PROBLEM DETAILS:
Using the material below, return exactly the lines between the one holding "puma turf soccer shoes on sale" and the one holding "Ein buntes Blumenmeer", inclusive, and no others.

ENTRIES SHOWN:
*** Block opens ***
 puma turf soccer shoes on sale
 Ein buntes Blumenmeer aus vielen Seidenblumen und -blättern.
*** Block closes ***
*** Block opens ***
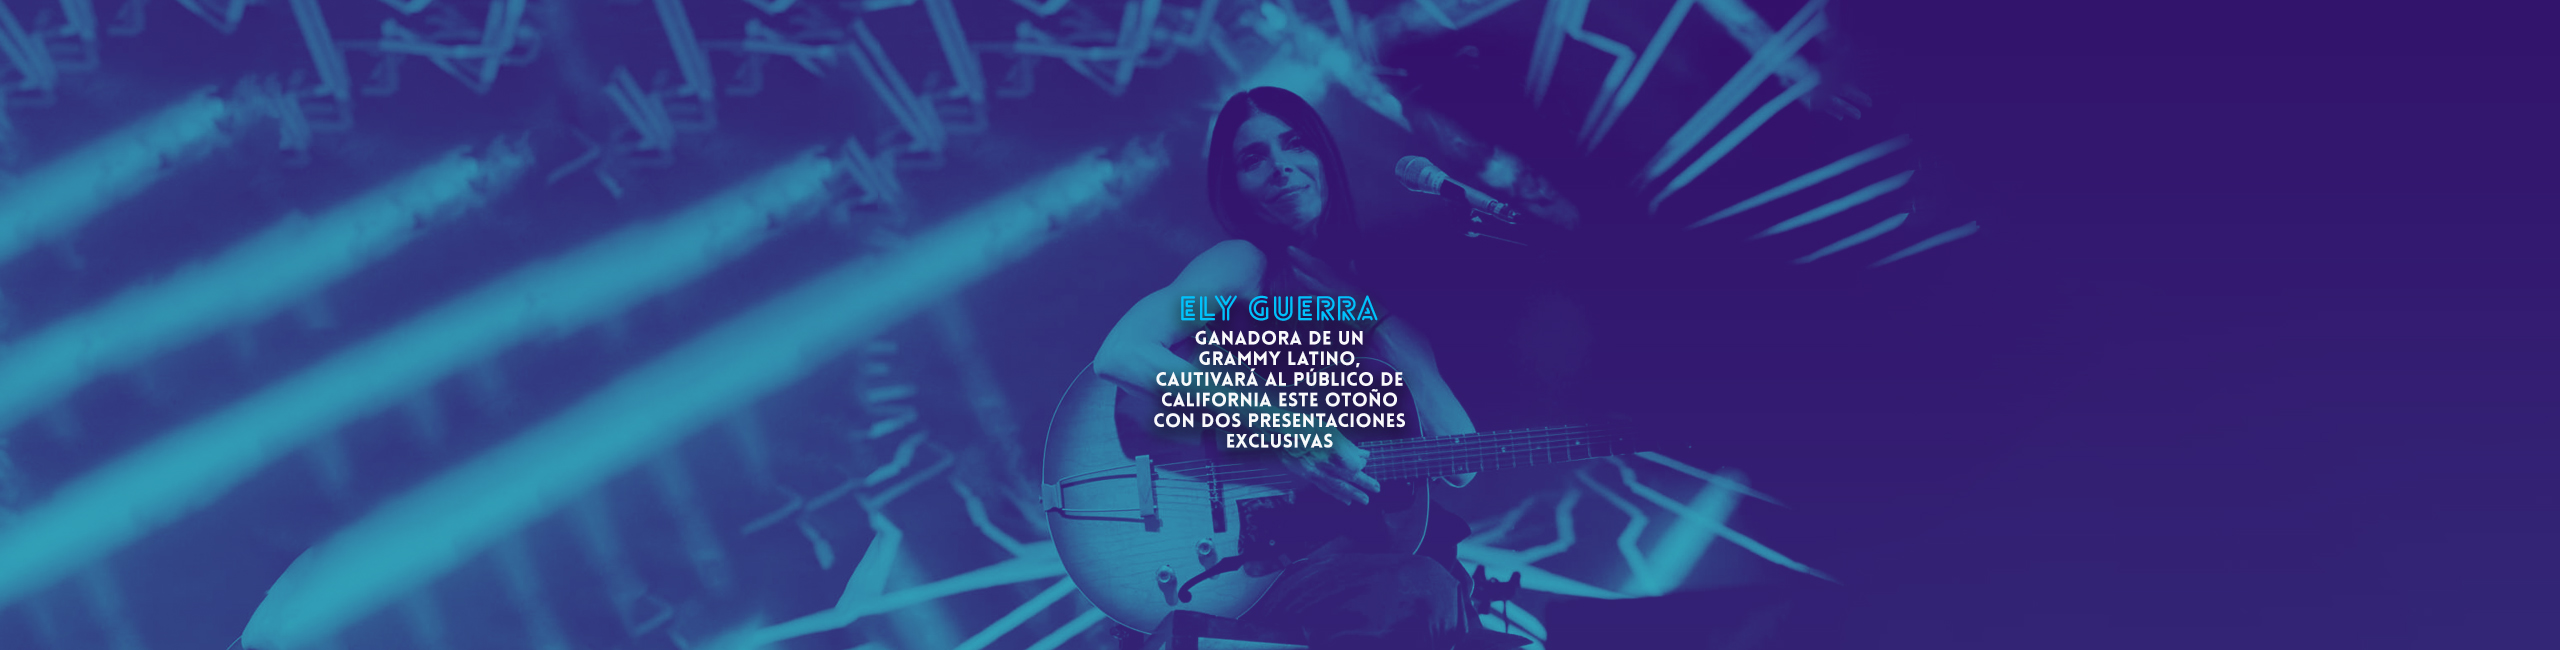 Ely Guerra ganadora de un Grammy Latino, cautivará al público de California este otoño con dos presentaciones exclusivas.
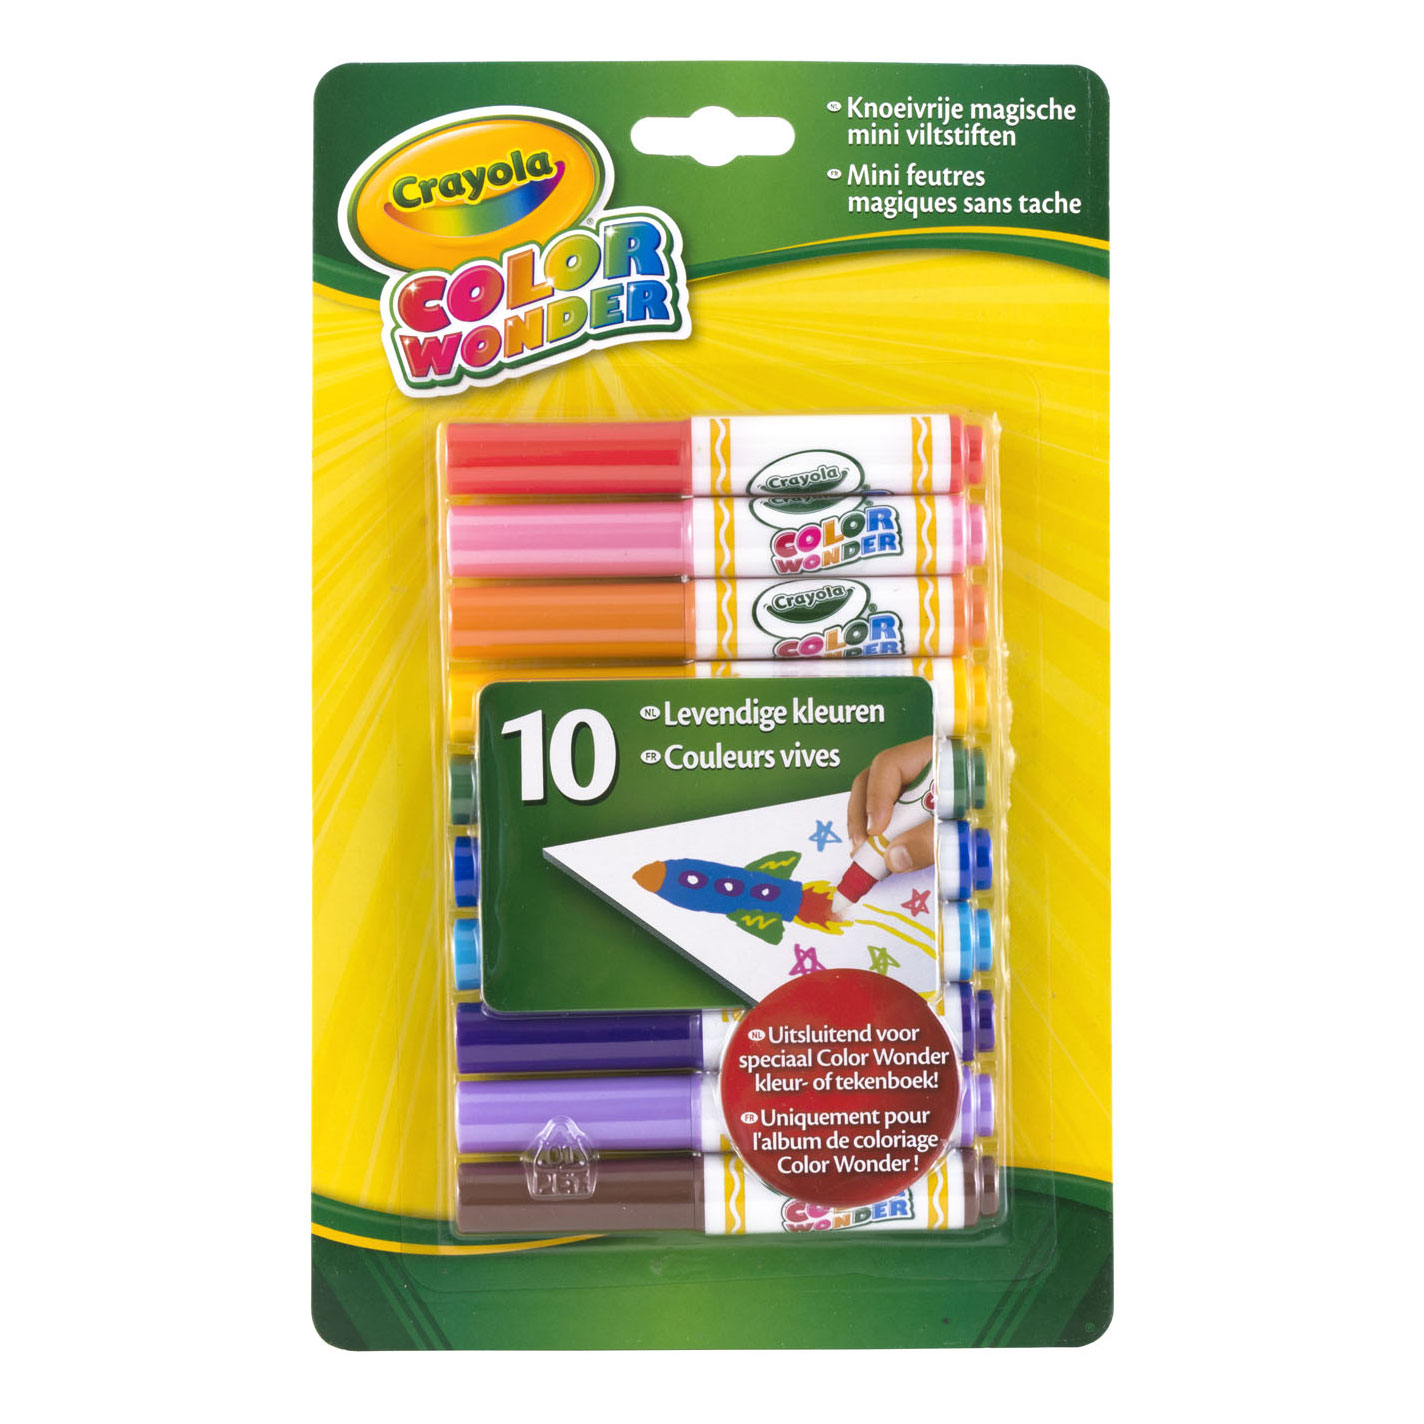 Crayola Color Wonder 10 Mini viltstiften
*** Block closes ***
REPLY:
 puma turf soccer shoes on sale
 Ein buntes Blumenmeer aus vielen Seidenblumen und -blättern.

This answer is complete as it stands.